The present paper describes a modified technique for heterotopic vascularized cardiac transplantation with updated aseptic technique, analgesia, and anesthesia.
The development of experimental models of cardiac transplantation in animals has contributed to many advances in the fields of immunology and solid organ transplantation. While the heterotopic vascularized murine cardiac transplantation model was initially utilized in studies of graft rejection using combinations of mismatched inbred mouse strains, access to genetically modified strains and therapeutic modalities can provide powerful new preclinical insights. Fundamentally, the surgical methodology for this technique has not changed since its development, especially with respect to important factors such as aseptic technique, anesthesia, and analgesia, which make material impacts on postsurgical morbidity and mortality. Additionally, improvements in perioperative management are expected to provide improvements in both animal welfare and experimental outcomes. This paper reports upon a protocol developed in collaboration with a subject matter expert in veterinary anesthesia and describes the surgical technique with an emphasis on perioperative management. Additionally, we discuss the implications of these refinements and provide details on troubleshooting critical surgical steps for this procedure.
We owe much of our understanding of immunology and transplantation to research based on experimental models of solid organ transplantation using animal subjects. Since the first description of vascularized cardiac transplantation in mammals1, such models have contributed to knowledge in wide-ranging domains, including the therapeutic application of hypothermia2, the benefits of using specialized sutures3, and techniques for total lung and heart homotransplantations4. The development of cardiac transplantation models in rats5,6 provided broader scope for immunological experimentation due to the availability of different breeding lines. The substantially wider range of available inbred and mutant mouse strains led Corry et al.7 to develop a technique of murine heterotopic cardiac transplantation due to the considerable advantages that this range brings to transplantation research. This model has been used widely and has contributed to a greater understanding of graft rejection8 and therapeutics9. Since its first description, however, the technique has remained largely unchanged other than some minor technical details such as adjustments to the position of anastomotic sites10,11.
Since the integration of the technique of Corry et al.7 into our experiments, we have identified areas of promise for improving the protocol, namely those of aseptic technique, anesthesia, and analgesia. Improvements in these areas were expected to offer a positive impact on experimental outcomes and improve animal welfare. This has previously been shown when aseptic technique is used in small animal surgeries as it aids in the reduction of postoperative infections12, which not only impacts morbidity and mortality but can also compromise experiments designed to assess the immune response following transplantation surgery.

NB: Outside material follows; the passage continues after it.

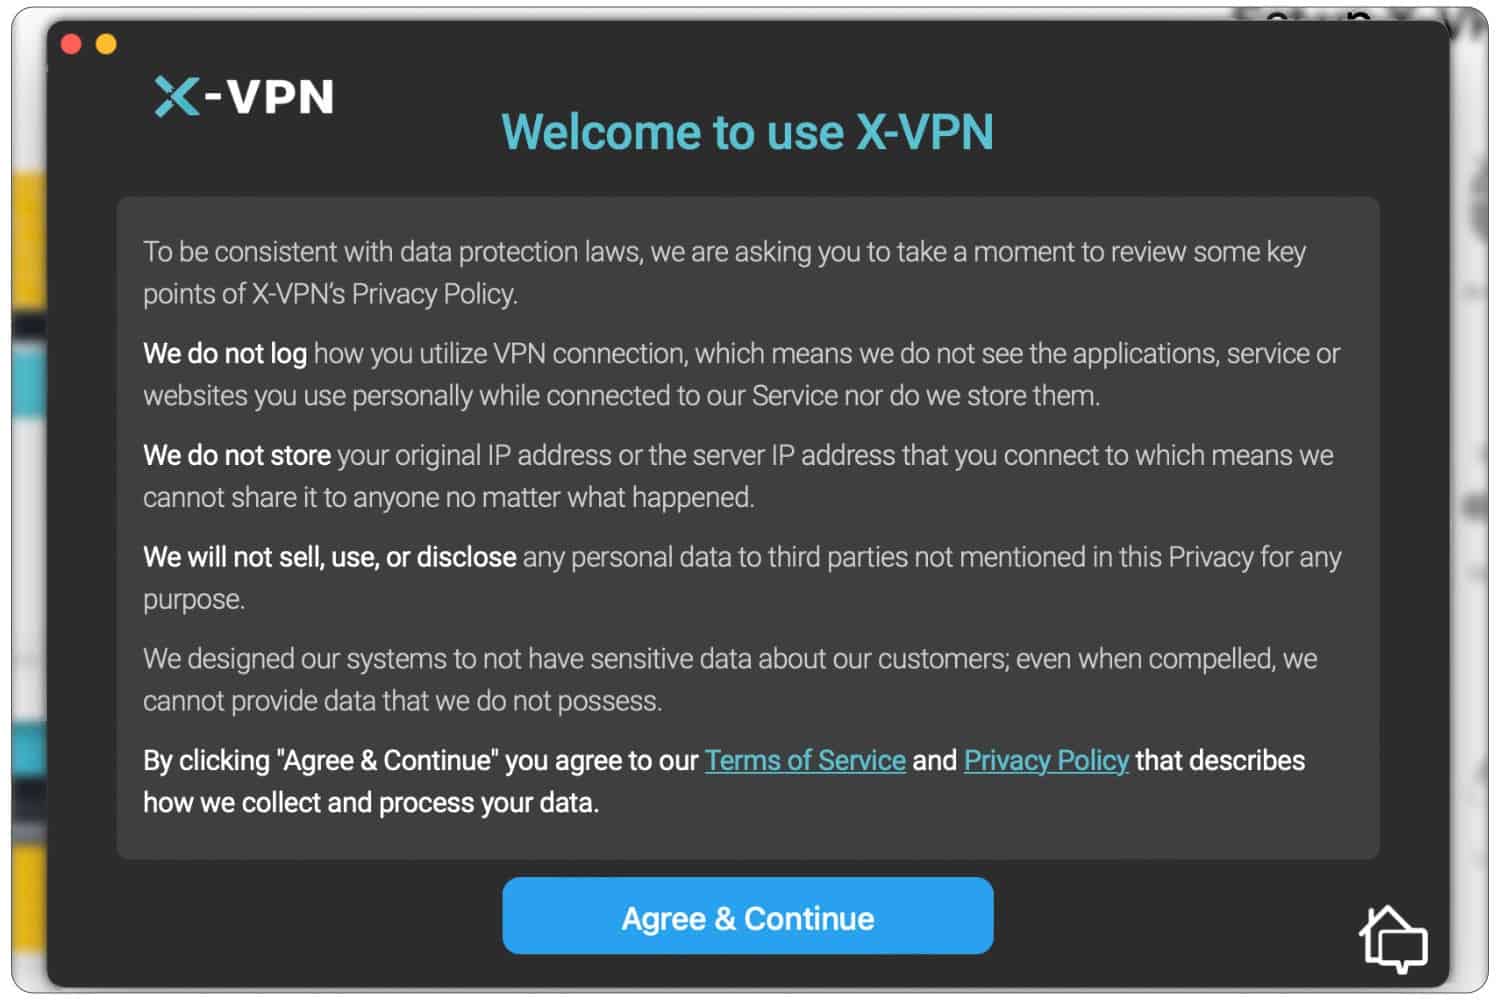 X-VPN’s privacy statement is crystal clear on paper, but what about in action?

From an anesthesia and analgesic point of view, the use of a refined regimen helps to reduce the cost to animals and balance the ethical argument of this surgical model by mitigating the pain and suffering of experimental subjects. Further, appropriate anesthesia and analgesia limit the pain-associated stress response, improving the quality of postoperative recovery and, ultimately, increasing the surgical success rate13.
With the aim of improving both animal welfare and experimental outcomes, a protocol was developed with adjustments to bridge these gaps. This protocol has been adapted from that originally described by Corry et al.7 with consultation from a veterinary anesthetist and with due consideration for both the effects and duration of effects of the pharmacological interventions utilized in the anesthetic and analgesic regimen. The approach was based on the principles of balanced anesthesia and multimodal analgesia to ensure appropriate perioperative care14. In addition to the application of aseptic technique, the opioid buprenorphine and the local anesthetic bupivacaine were pre-emptively administered. General anesthesia was performed using the inhalant anesthetic agent isoflurane.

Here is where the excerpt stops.